Ramdisks can offer a level of performance that is simply amazing. More than just a tool for benchmarking, there are new devices that utilize ramdisks for a bit of the ultra-performance.
Ramdisks are usually spoken of in hushed tones when sysadmins get together. Some view them with awe because of their performance and some view them with skepticism and say they are only useful for creating benchmarks. Almost all of them agree that using them on a regular basis must be done with care because of the problem of losing power shuts immediately shuts down the ramdisk erasing the contents of the ramdisk. However, there are uses for ramdisks besides running benchmarks. More over there are storage devices that use RAM as the storage media that can reach rarefied levels of performance of millions of IOPS.
This article takes a quick break from the 2.6.30 kernel bonanza of file systems to discuss ramdisks and file systems that use them, such as tmpfs. It will also discuss possible uses for ramdisks. Finally it will present some storage devices that use RAM as the storage media. These devices range from very expensive enterprise class storage to devices that can fit into your desktop.

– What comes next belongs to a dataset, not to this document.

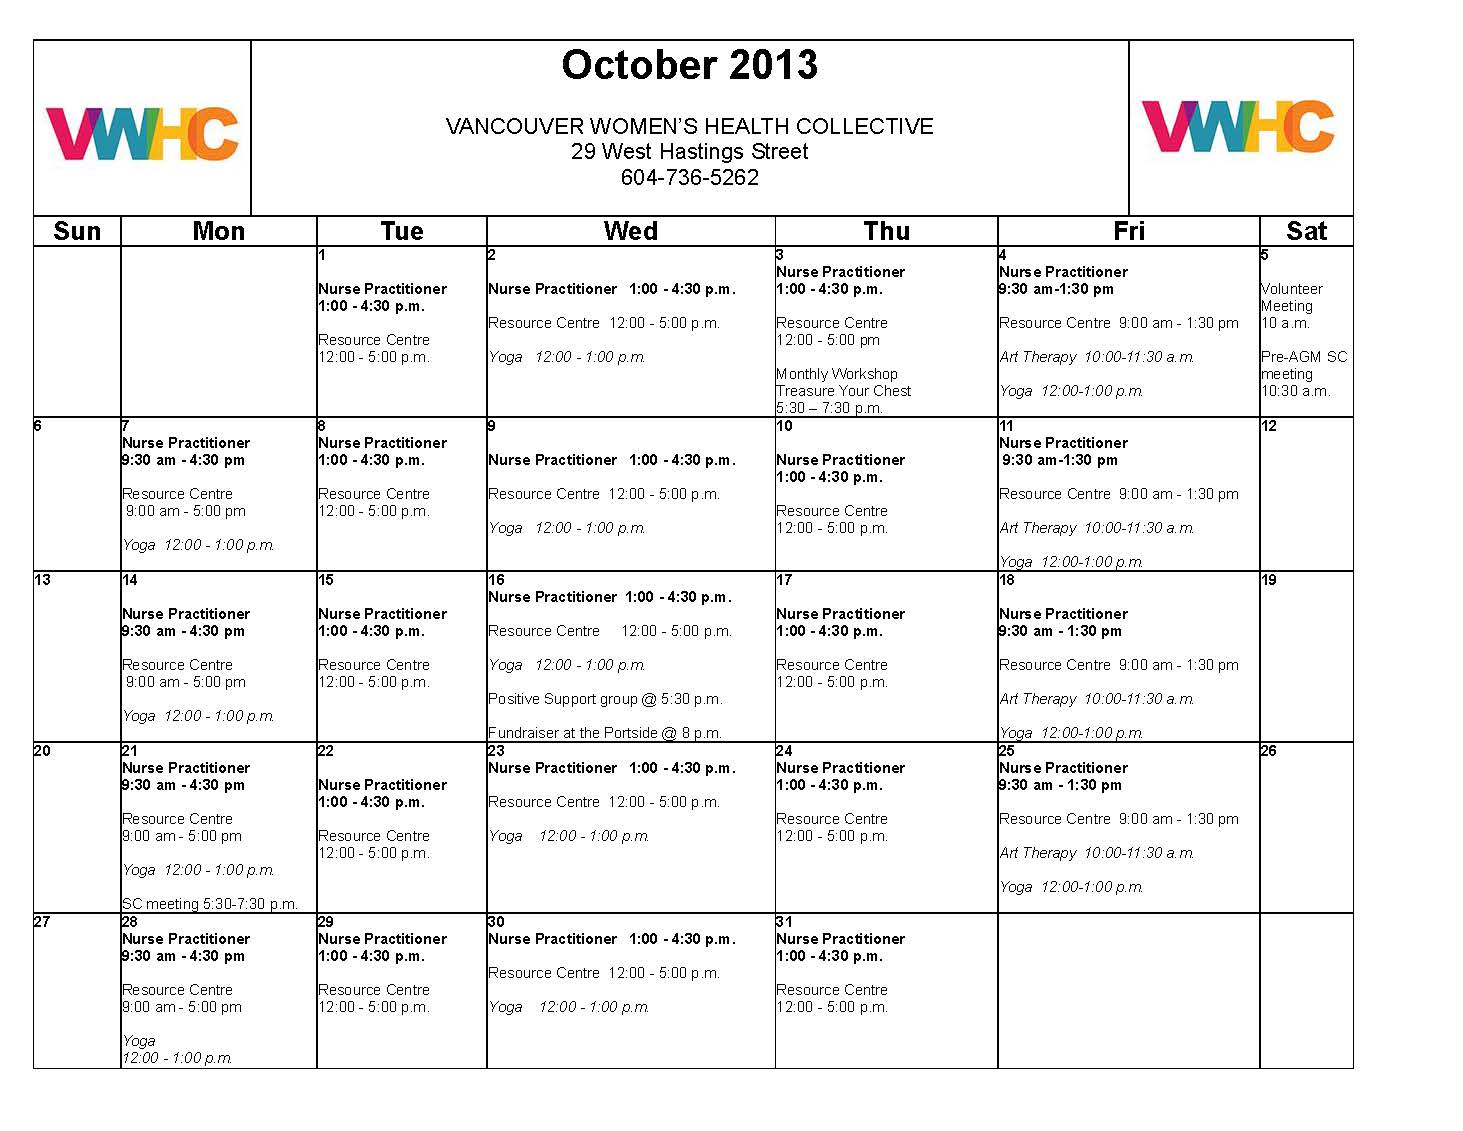 VWHC October 2013 Calendar FINAL

Introduction to Ramdisks, RamFS, and tmpfs
The concept of a ramdisk is fairly simple – take a piece of memory and make it appear as a hard drive (block device) to the OS. It can be then used for storing data. But the memory used for the ramdisk is unavailable to the OS for anything else. If the power is removed then the data on the ramdisk is lost. This can be thought of as a good or bad result depending upon your perspective. It’s bad because you lose the data if you haven’t copied it permament media (hard drives or flash). It’s a good thing from a privacy perspective because when the power is lost all data is gone and can’t be reconstructed. In addition, if you want to install the OS after a power loss or a reboot, then using a ramdisk is also a good option.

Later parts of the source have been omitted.